Super Rugby’s Sunwolves aware ‘it’s going to be tough and it could get worse’

Japan's Sunwolves let slip an 18-point lead on Saturday in a disheartening 32-31 loss to the Central Cheetahs, their second defeat in their two matches to begin life in the Southern Hemisphere competition.

It has been a tough start to Super Rugby life for the Japan Sunwolves and it might well get worse before it gets any better, according to Sanzaar CEO Andy Marinos.

The Japanese franchise were beset with player and staff recruitment issues, with Eddie Jones stepping down even before starting as director of rugby, leading to a shortened pre-season and two defeats to start their campaign.

The second, a 32-31 loss in Singapore against the Central Cheetahs on Saturday, exposed their lack of squad depth as the scrum wilted badly under pressure as they let slip an 18-point lead.

Marinos, who took charge earlier this year, said more could have been done to ensure the Sunwolves were ready for the Southern Hemisphere tournament but added that organisers Sanzaar would give the new Asian side all the help they required.

“From a planning and preparation, 100 per cent it was a challenge given the World Cup and the changes that were happening within the Japanese Rugby Union,” he told a small group of Singapore-based reporters before the Cheetahs fixture.

“Everybody, just turned their eyes, to what was arguably the biggest World Cup we have had to date, to England, and locked everything out, so the preparations and the hard work that had to be done I think got put on the back burner a little bit.

“We can’t forget the significant impact the World Cup had in their country ... but with that there is a caution that it’s going to be tough and that it could get worse but I’m quietly confident they will pull through.”

The Zimbabwean-born South African, who played eight Tests for Wales at centre, said Asia had always been a long term target for Sanzaar but admitted he was still working on the body’s long term strategy plan for the continent.

If he had been longer in the role, perhaps it would have come before the Sunwolves introduction.

“Hindsight is a wonderful thing,” he said.
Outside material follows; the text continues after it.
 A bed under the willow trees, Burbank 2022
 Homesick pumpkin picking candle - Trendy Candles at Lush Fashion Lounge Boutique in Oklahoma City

“Its been well documented, the preparation was very disrupted and in fairness I think (coach) Mark (Hammett) has done a very good job in a short space of time to get the team out there.”

Hammett, a former All Blacks hooker, is shorn of some of last year’s World Cup heroes that helped Japan to a shock first win over South Africa and further group play victories over United States and Samoa.

Fullback Ayumu Goromaru and number eight Amanaki Mafi are among nine that play their club rugby elsewhere. Marinos said he was sad that more World Cup players were not turning out for the Sunwolves in their debut campaign.

“It has been disappointing that the best players we saw playing in Japan haven’t all been able to stay and play for the Sunwolves, but at the end of the day it’s their livelihood and they have a window to make a living,” he said.

“It is now an opportunity for the next generation of players to step up and come through and deliver. I think that is what I’m most excited about, who are those next superstars that are going to come through the system.”